Author
Listed:
- Wei-Hua Chen
(CAS Key Laboratory of Genome Sciences and Information, Beijing Institute of Genomics, Chinese Academy of Sciences
Structural and Computational Unit, European Molecular Biology Laboratory
Present address: Department of Genetic Medicine and Development, University of Geneva Medical School, Geneva 1211, Switzerland; SIB Swiss Institute of Bioinformatics, University Medical Center, Rue Michel-Servet 1, Geneva 1211, Switzerland)
- Guanting Lu
(CAS Key Laboratory of Genome Sciences and Information, Beijing Institute of Genomics, Chinese Academy of Sciences)
- Peer Bork
(Structural and Computational Unit, European Molecular Biology Laboratory
Max Delbrück Centre for Molecular Medicine)
- Songnian Hu
(CAS Key Laboratory of Genome Sciences and Information, Beijing Institute of Genomics, Chinese Academy of Sciences)
- Martin J. Lercher
(Institute for Computer Science and Cluster of Excellence on Plant Sciences, Heinrich Heine University)
Abstract
Efficient nutrient usage is a trait under universal selection. A substantial part of cellular resources is spent on making nucleotides. We thus expect preferential use of cheaper nucleotides especially in transcribed sequences, which are often amplified thousand-fold compared with genomic sequences. To test this hypothesis, we derive a mutation-selection-drift equilibrium model for nucleotide skews (strand-specific usage of ‘A’ versus ‘T’ and ‘G’ versus ‘C’), which explains nucleotide skews across 1,550 prokaryotic genomes as a consequence of selection on efficient resource usage. Transcription-related selection generally favours the cheaper nucleotides ‘U’ and ‘C’ at synonymous sites. However, the information encoded in mRNA is further amplified through translation. Due to unexpected trade-offs in the codon table, cheaper nucleotides encode on average energetically more expensive amino acids.
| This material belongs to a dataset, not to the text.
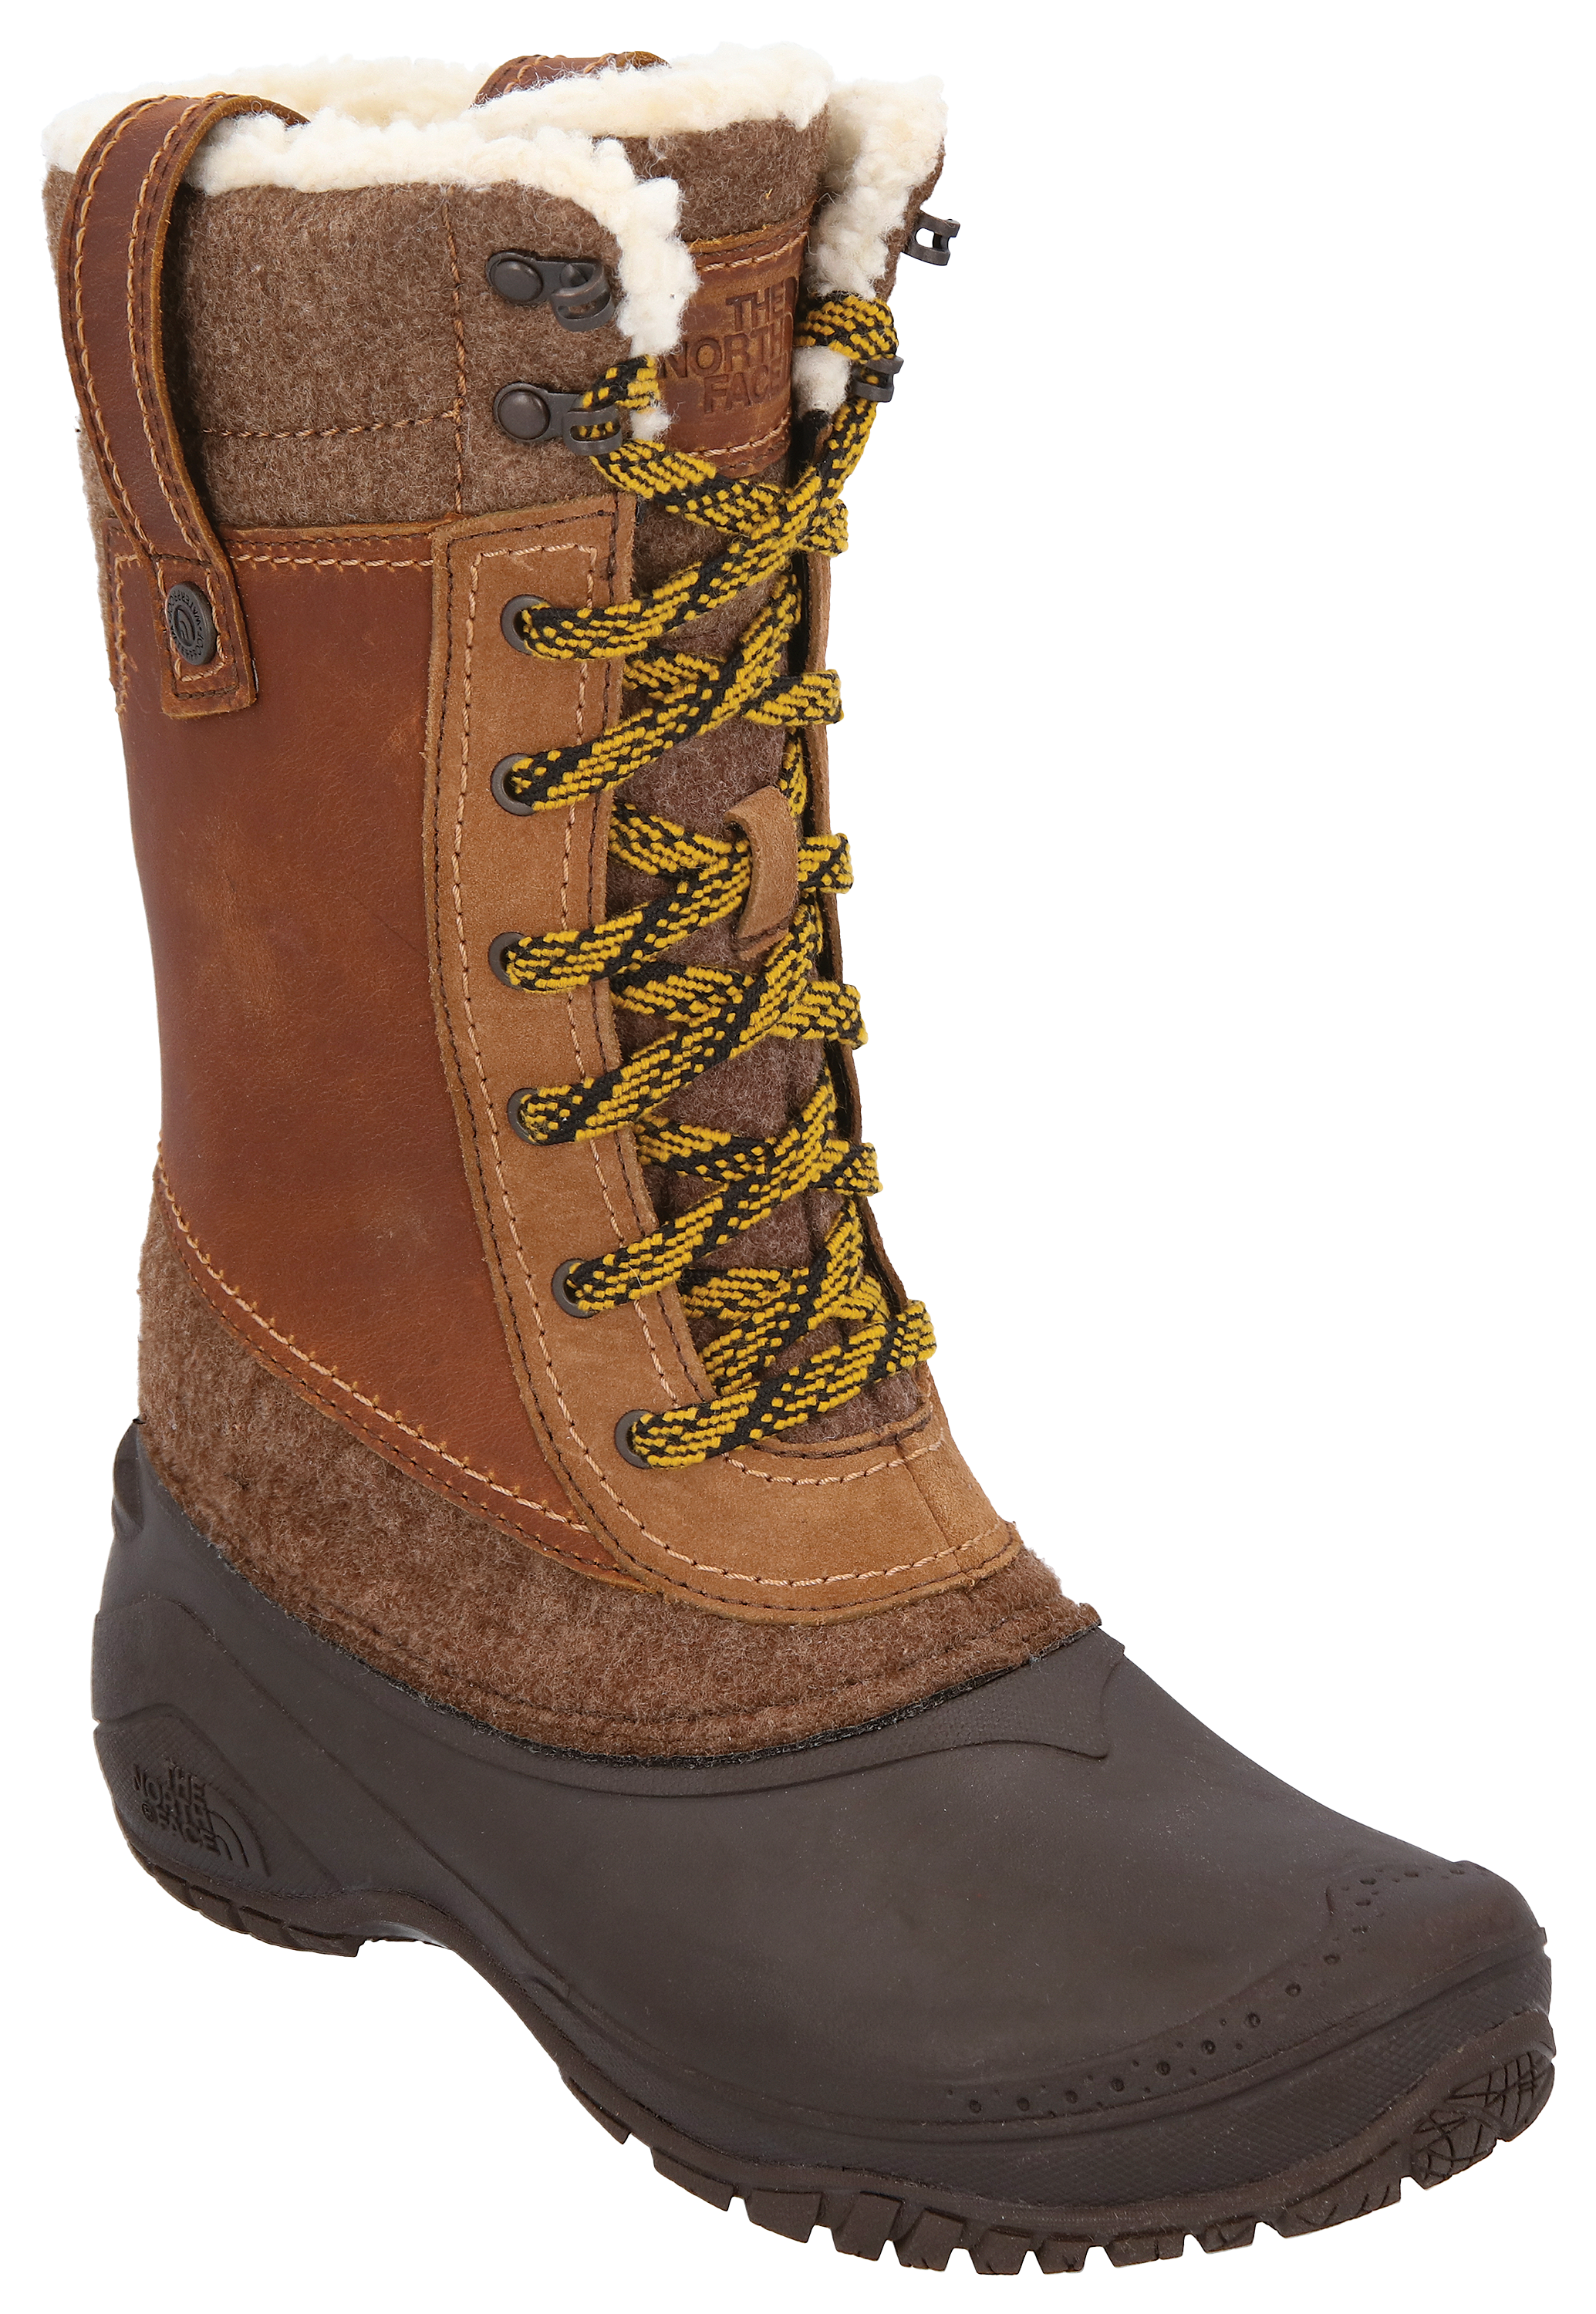 Laughter humor Stewart island The North Face Shellista III Mid Pac Boots for Ladies | Cabela's

These trade-offs apply to both strand-specific nucleotide usage and GC content, causing a universal bias towards the more expensive nucleotides ‘A’ and ‘G’ at non-synonymous coding sites.
Suggested Citation
Wei-Hua Chen & Guanting Lu & Peer Bork & Songnian Hu & Martin J. Lercher, 2016.
"Energy efficiency trade-offs drive nucleotide usage in transcribed regions,"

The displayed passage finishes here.